= To do =
Transcribe every line below exactly; no image goes into the output.

= Provided data =
%%
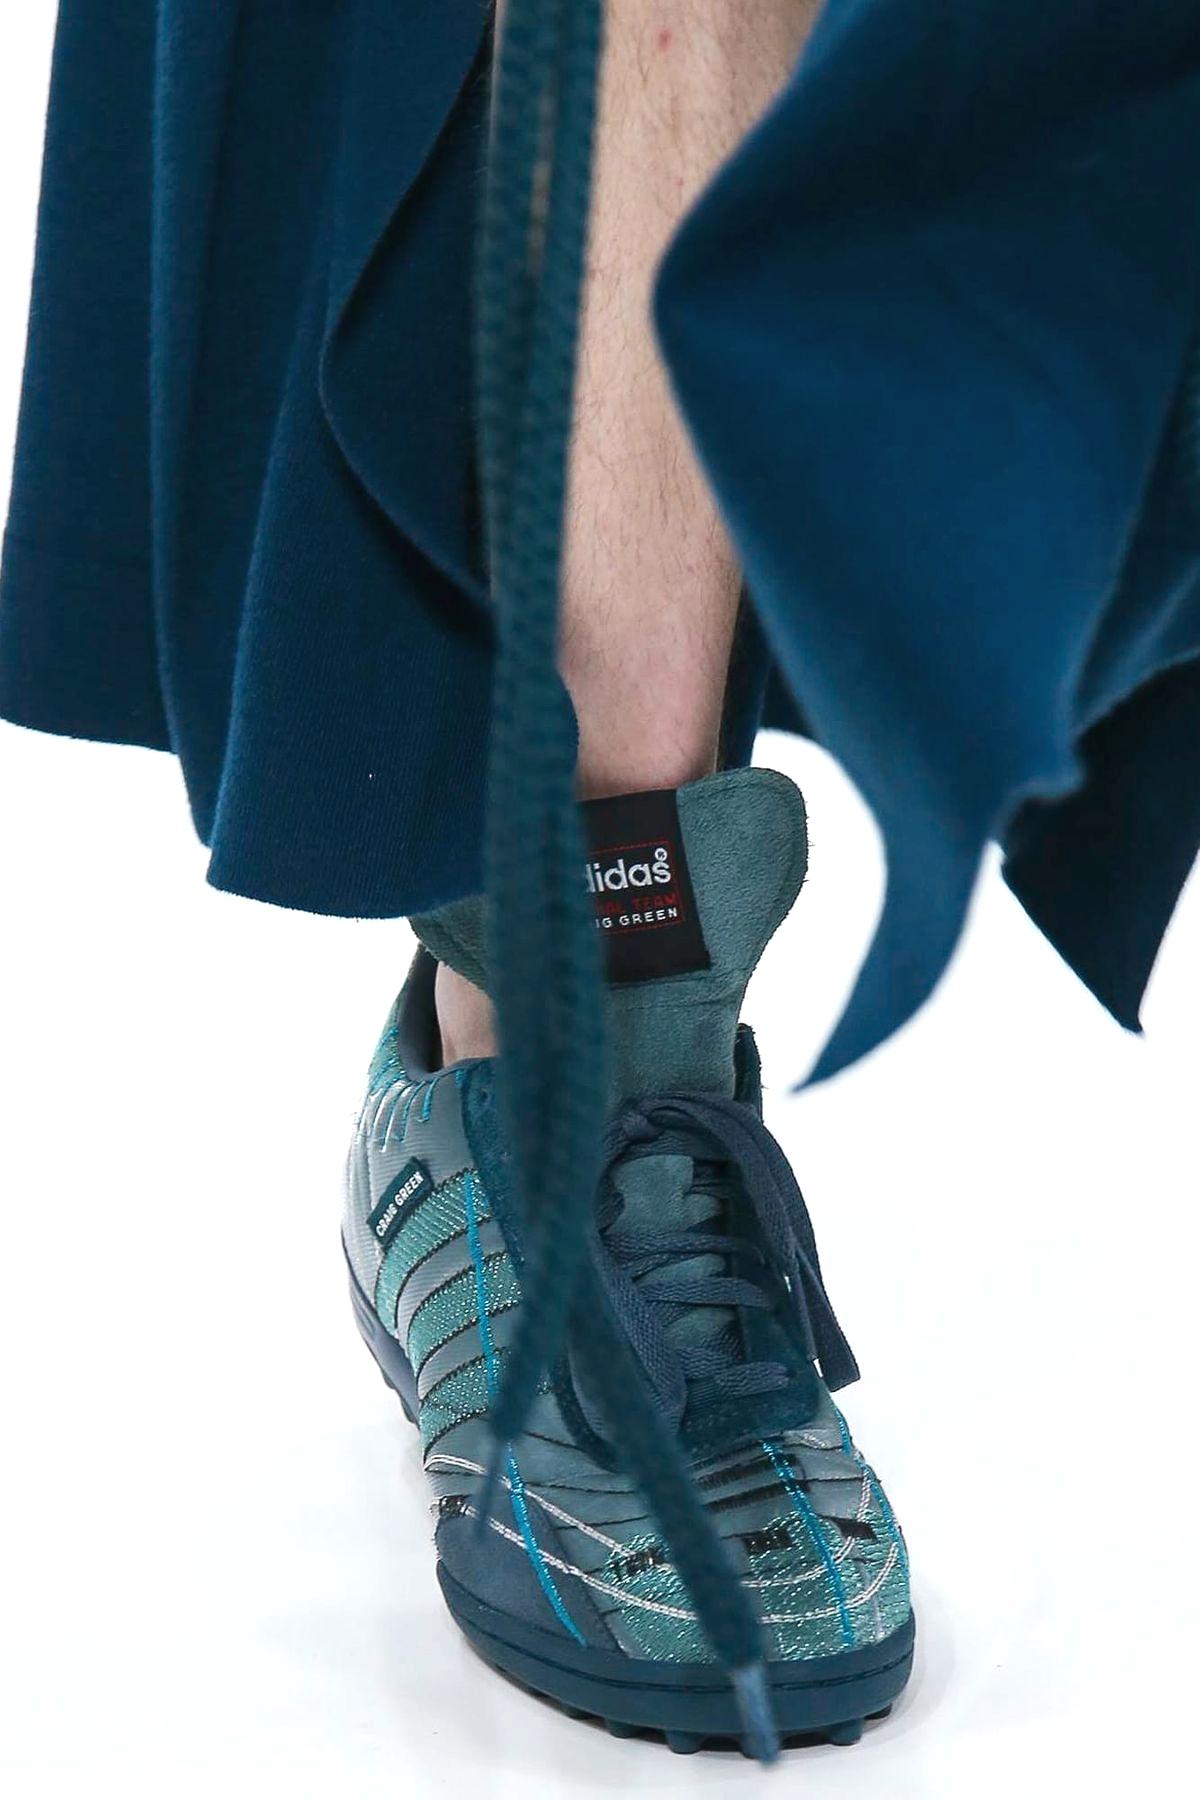 Craig Green Fall/Winter 2020 Menswear
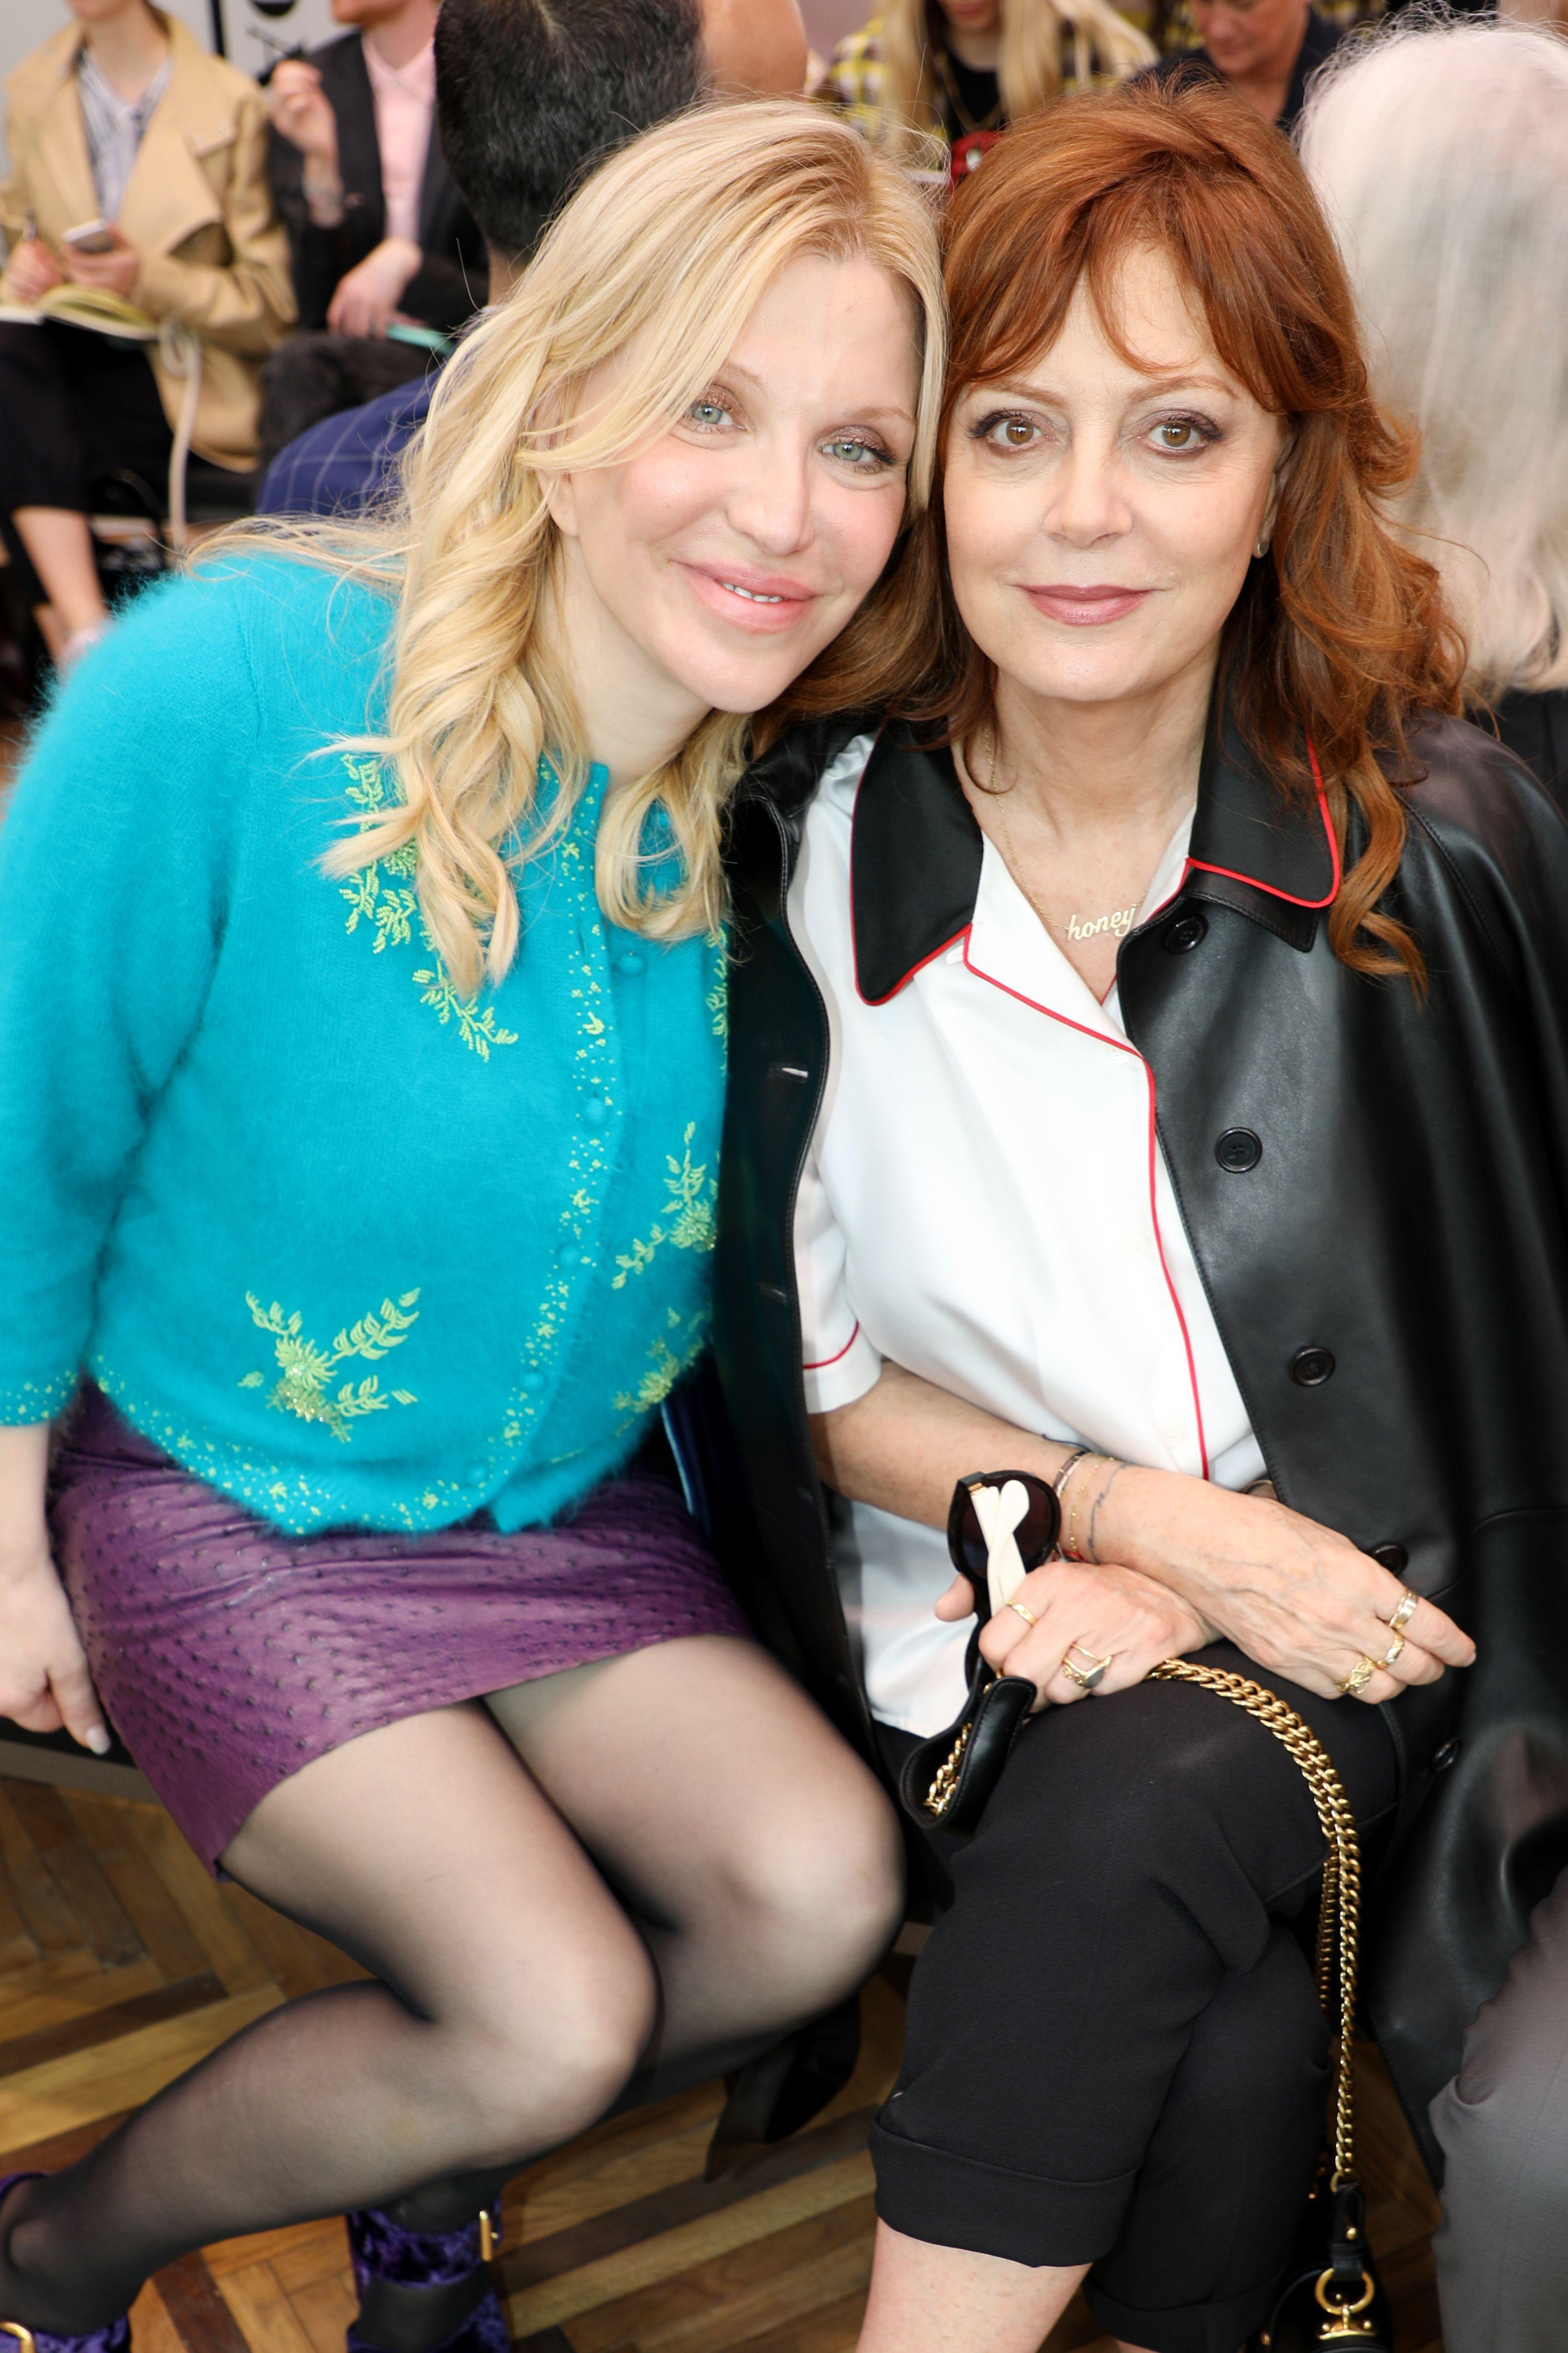 Courtney Love and Susan Sarandon
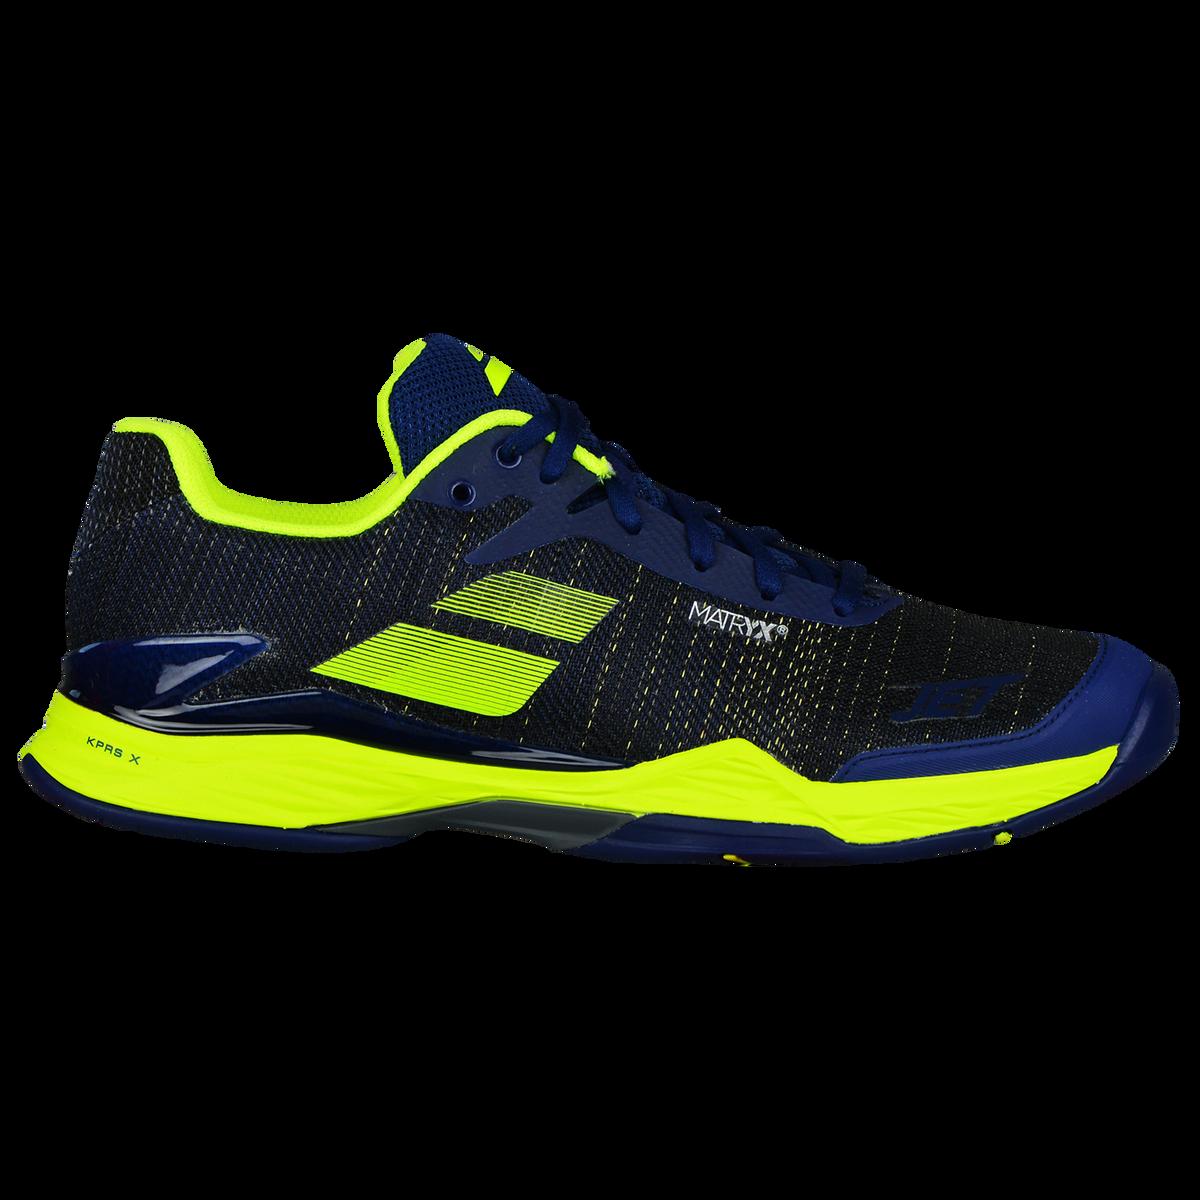 5278b6c282e38 Babolat Jet Mach II All Court Men's Tennis Shoe - Blue/Yellow
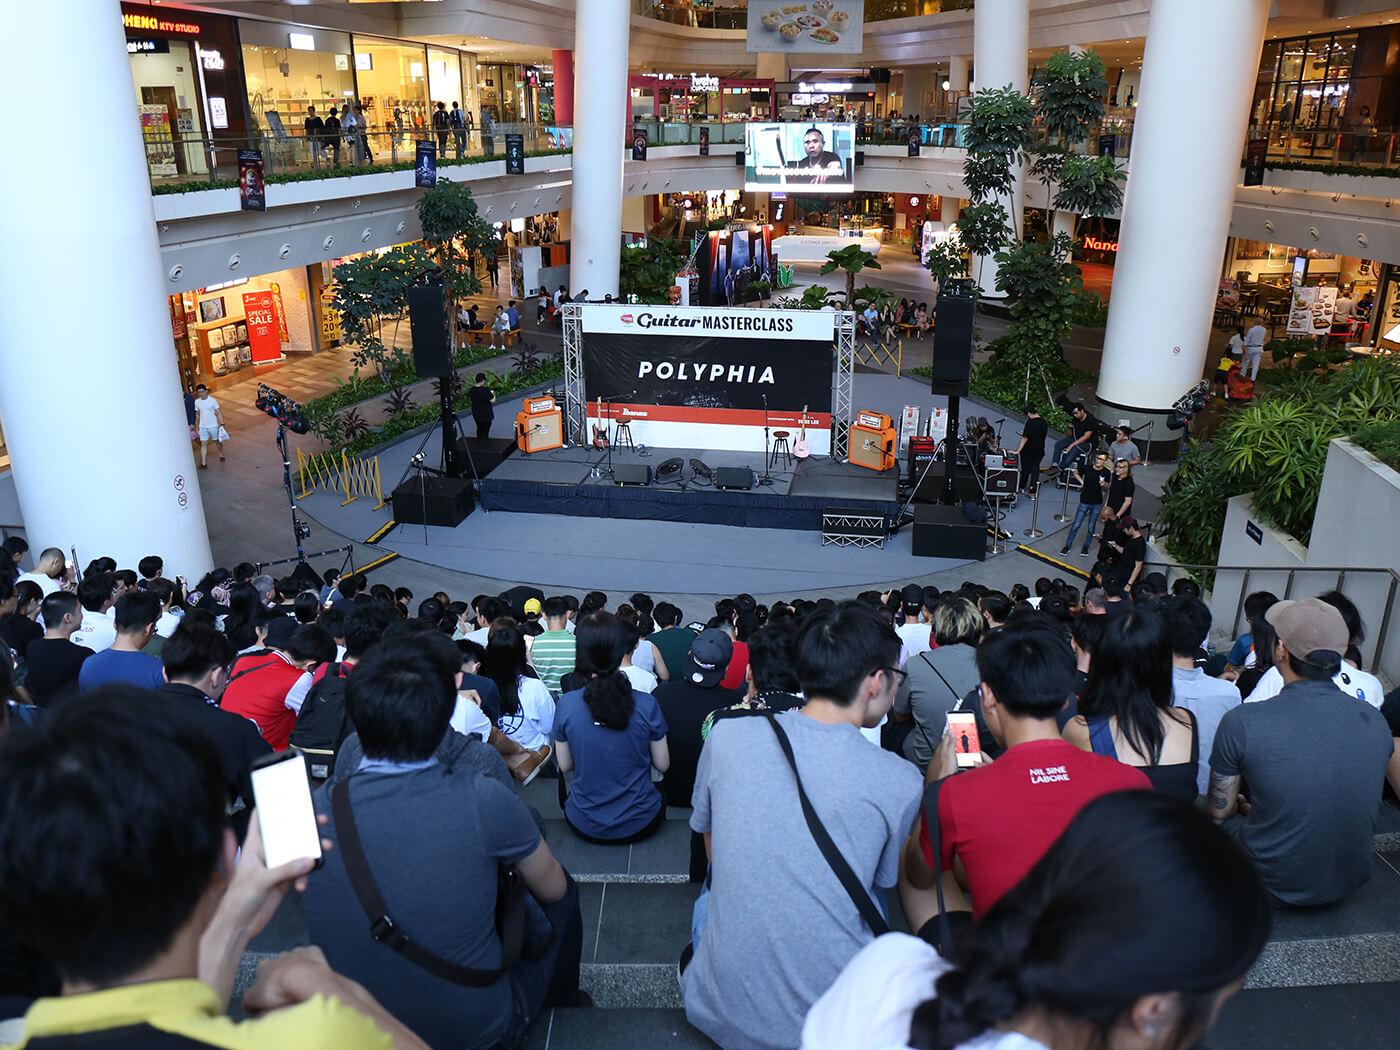 Polyphia (Crowd)
%%
= Result =
 Craig Green Fall/Winter 2020 Menswear
 Courtney Love and Susan Sarandon
 5278b6c282e38 Babolat Jet Mach II All Court Men's Tennis Shoe - Blue/Yellow
 Polyphia (Crowd)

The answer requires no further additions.